On 2/14/2011 8:51 AM, Georg Schönweger wrote:
[SNIP]
[REPOSTED FROM PERSONAL REPLY]
Hello Daniel,

thank you for this clear explanation! How can i figure out if the
receving mail server is listet as current MX for the recipient mail
address? It's not a big problem for us if the recipients mail server is
misconfigured, it's just 1 customer on our websites :) I only want to
know if it is our fault or not..

Anyway, i think removing the relayhost would be a great thing because
the system would be easier to handle and we don't depend anymore on the
external smtp server. BUT i'm afraid that we get then higher
spam-rankings like in the past.. Our local server has now a valid RDNS
entry. Is there anything else i have to take care about?

- Georg

Please keep all replies to the list so people know the status of the
thread, and so it can be closed as soon as possible. Also as I learned
at first, the convention is to bottom-post.

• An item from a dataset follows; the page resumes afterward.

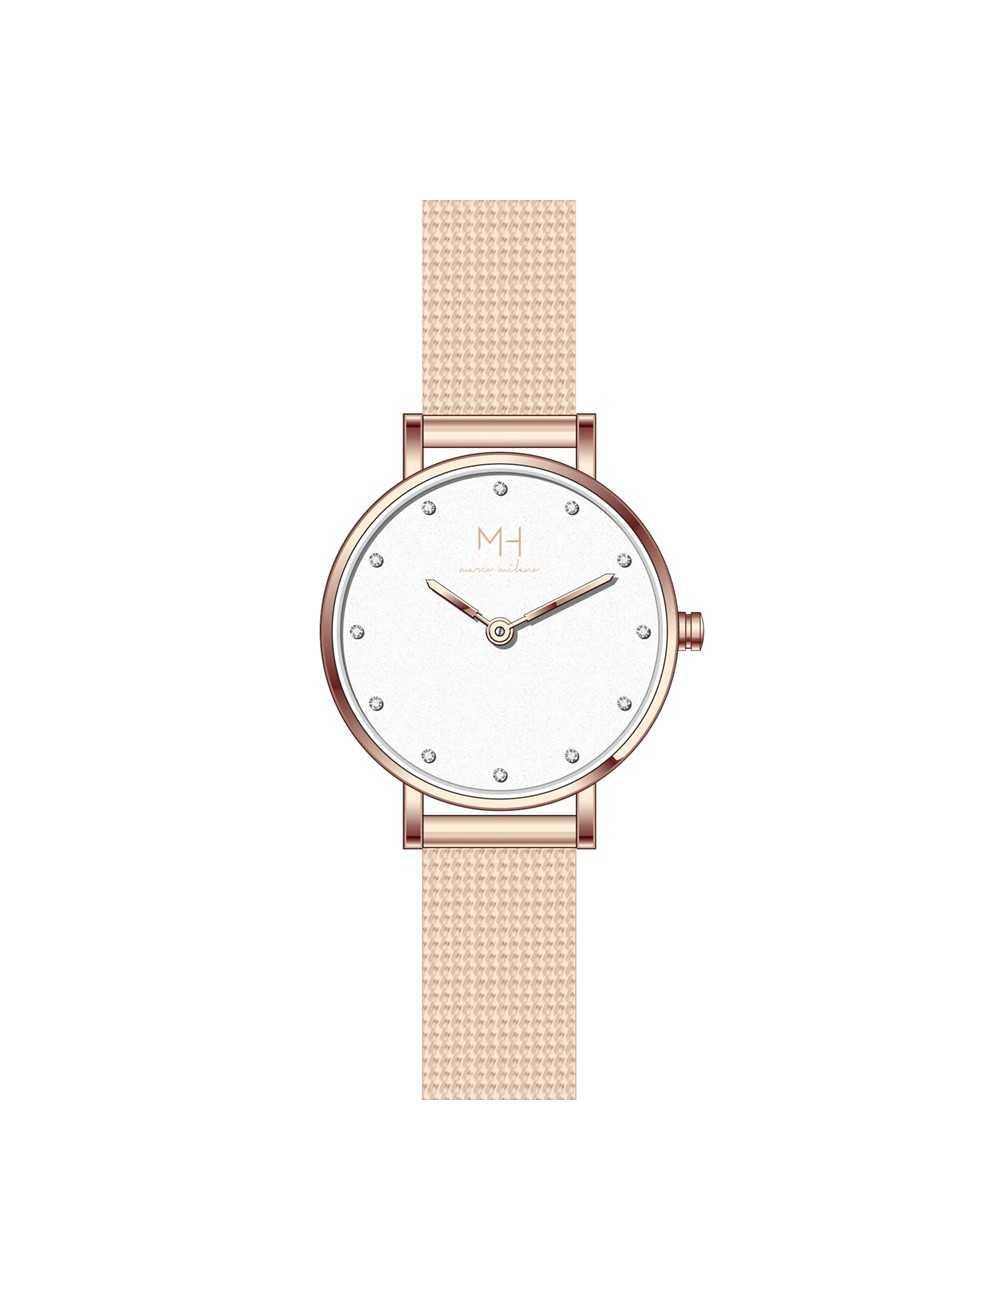 Dámske hodinky Marco Milano MH99214SL1

[Aside: As far as spam rankings: rDNS is but one minor test. I lacked
an rDNS on my server for awhile and had only one (rather minor)
receiving MX that complained compared to thousands of successes. "IP
Reputation" is all the rage. There are a number of utility sites out
there that will take the IP of any Mail Exchanger, (actually any IP at
all, which can be used to evaluate potential), and report on its
blacklist status and some even try to rank its general
trustworthiness. Here's a random one that looks legit from an obvious
Google keyword search: http://www.mxtoolbox.com/blacklists.aspx
Veterans of this mailing list may have other favorites to recommend.
The main thing is to have no red flags when querying spamhaus.org:
http://www.spamhaus.org/query/bl?ip=x.y.z.w]

But back to the main point: finding a current MX is a standard DNS
query. If you're admin'ing a mail server, facility with a DNS query
like dig or nslookup is essential. For example (note, I picked this to
show large sites have many exchangers, but only one is required)

unix% dig yahoo.com MX
[SNIP]

-Daniel
thx for your help. i can't check the DNS query on our relayhost smtp
server. On our local Server the MX is current. My conclusion is that a)
our external relayhost smtp has wrong MX entry or b) recipient
mailserver is misconfigured. I will switch off now the relayhost since
our ip isn't listet on any blacklist i checked so far..
Other question: I have a local postfix server with a dynamich IP which
sometimes is blacklisted. Does it help in this case to use a relayhost
which isn't blacklistet? Because the final-recipient's mailserver could
see/check that the original mailserver is blacklistet.

- Georg

I think you're misunderstanding how a blacklist is used. The implied contract is that a random dynamic IP (such as your local postfix server) has the responsibility to get the message to a highly-regarded sending mail exchanger (I'll call it the HRSMX). This is usually only possible via authentication (and encryption), which HRSMX permits only because a real-life contract exists between the user of that dynamic IP and the maintainer of HRSMX. Then, HRSMX sends the message to the MX record of the recipient, trusting the DNS MX record to be correct. Then my main point: the receiving server ONLY needs to trust the most recent hop: the HRSMX. Using a blacklist to verify further back up the chain makes no sense: of course we won't accept mail directly from the dynamic IP! HRSMX is highly regarded because it is selective and properly configured in the first place. (On the receiving end, one COULD write a header-checks filter that examined the length and nature of earlier hops in the chain, hoping to find an intermediate IP that was a known source of voluminous spam or from IPs known to belong to organized crime, but I'm 99% sure that is an exercise in futility and heavy computational expense.)

It sounds like you have two servers running that you control: a local application-specific one on a dynamic IP, and a dedicated server on a fixed IP which as you say, checks out OK on the blacklists (and to some approximation, is highly regarded). Why not just use your dedicated server in all cases? For MUA's it's just an outbound SMTP setting, and for random local mini-servers like the one on your dynamic IP, it's just the outbound relay.